For one, smart locks make doors easier to close and open, especially when you get home with your hands full. This is done through wireless connectivity. The technology works well with smart phones as the locks detect Bluetooth signals from the device, the same as way as surveillance cameras.
It also allows more convenience, thanks to software that controls the locks from the homeowner’s mobile phone. It can be used even when you are away from the house. This function also works when the owner is already inside by closing the doors remotely.
On top of that, some smart lock software also include an added security feature that shows the user which doors are still open and provides them with the choice to close it remotely. Others also alert users when a door is being opened by an unwanted guest or if a wrong key code, PIN, or digital key is being entered.

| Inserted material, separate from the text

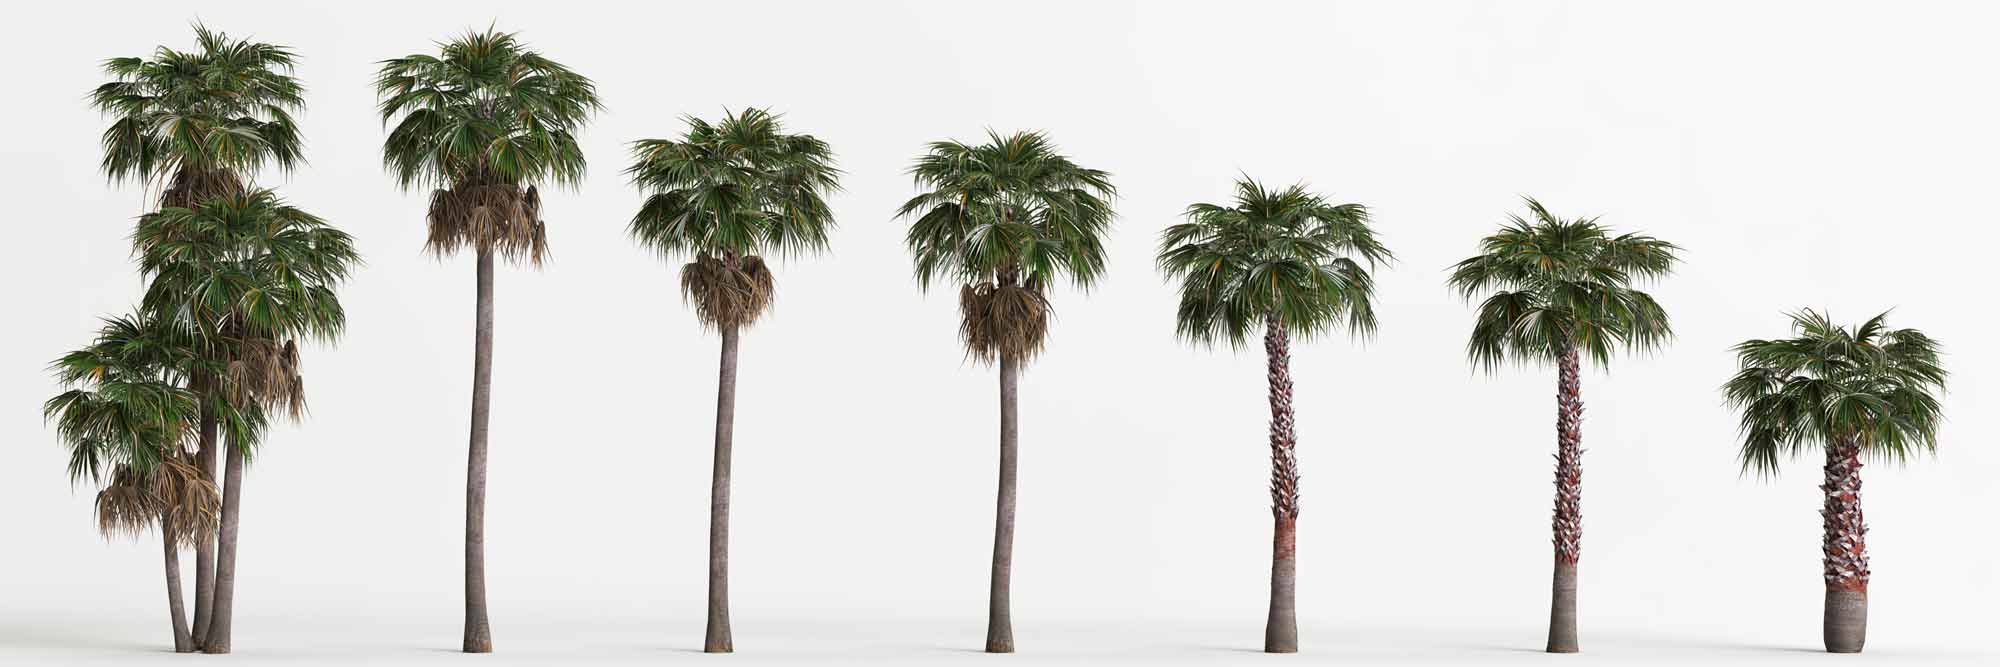 How long does a Washingtonia palm take to grow
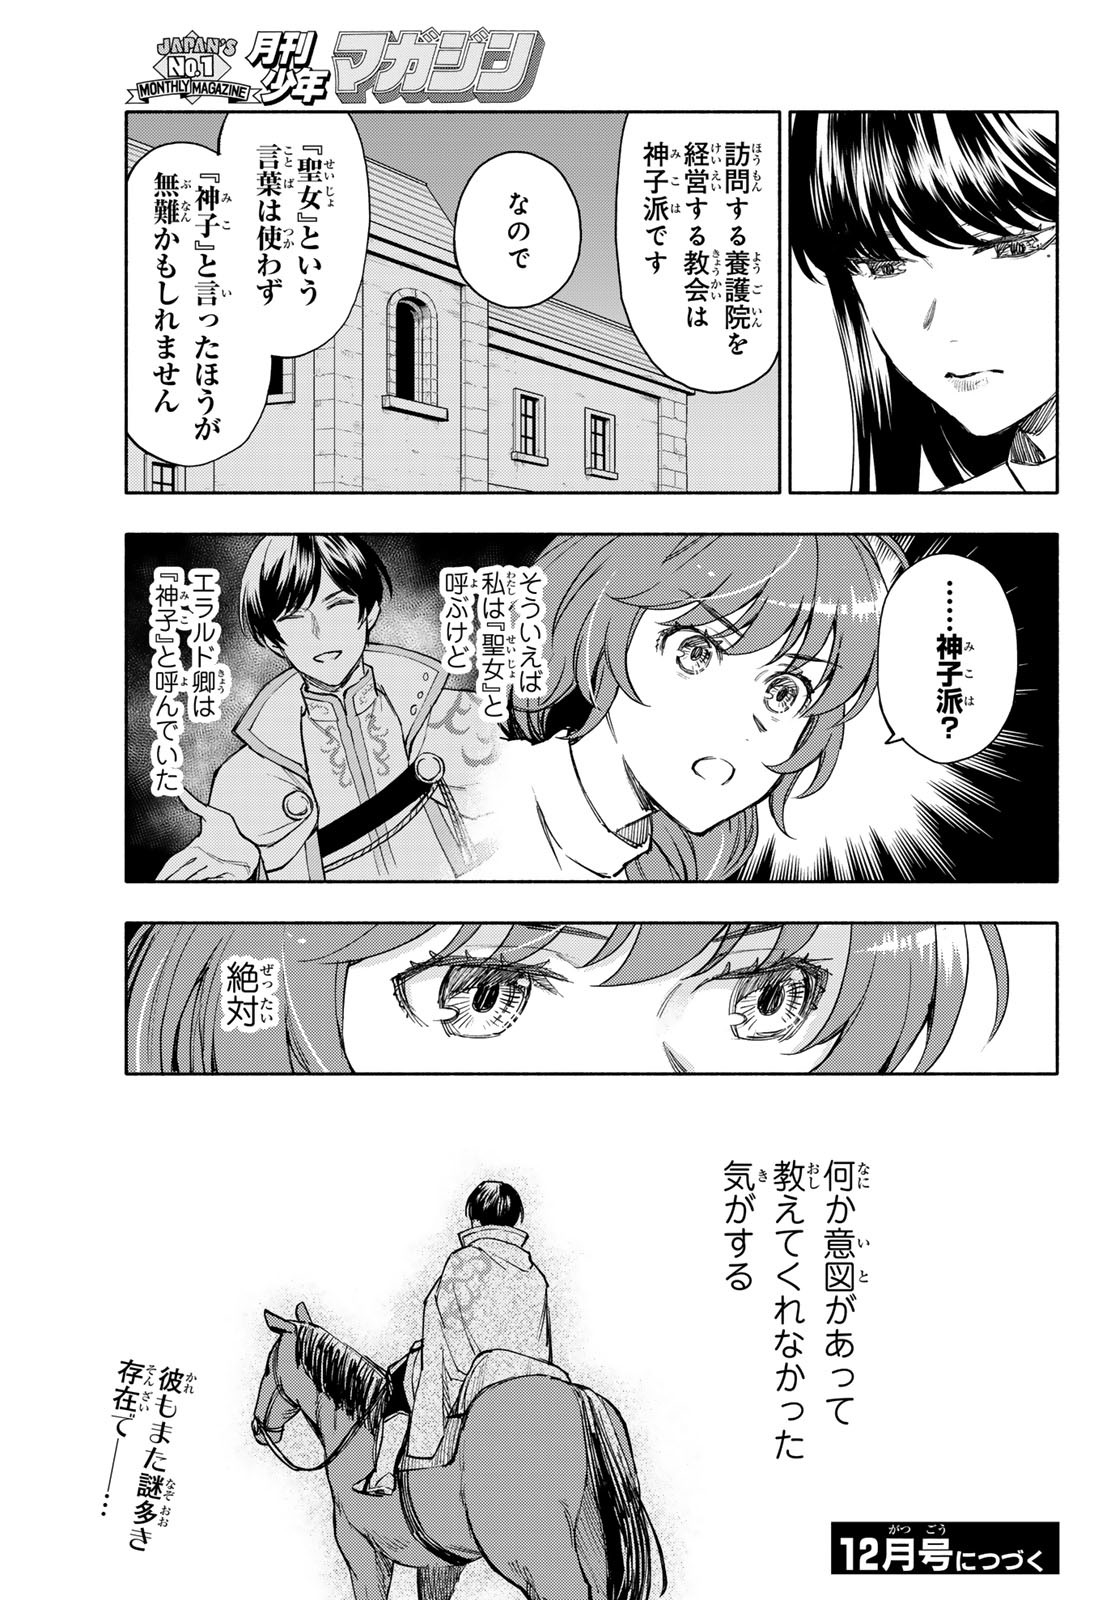 Seijo ni Uso wa Tsuujinai - Chapter 8 - Page 21

- Not all smart locks are the same.
Smart lock manufacturers offer a wide range of products that have varying methods of entry. This includes those that require a PIN code for access, biometric fingerprint scan, and even a proximity card.
There are also types of smart locks that go with varying wireless protocols that potential smart lock buyers should know about to determine which one goes well with their neighborhood.
Those with Wi-Fi in their home have a wide range of options. The advantage of having a smart lock with this type of protocol is the extensive control it offers the user from anywhere, as long as there is an Internet connection. However, this protocol requires additional hardware that could cost more than the other systems. It also burns out the locks’ batteries faster compared to the ones using Bluetooth.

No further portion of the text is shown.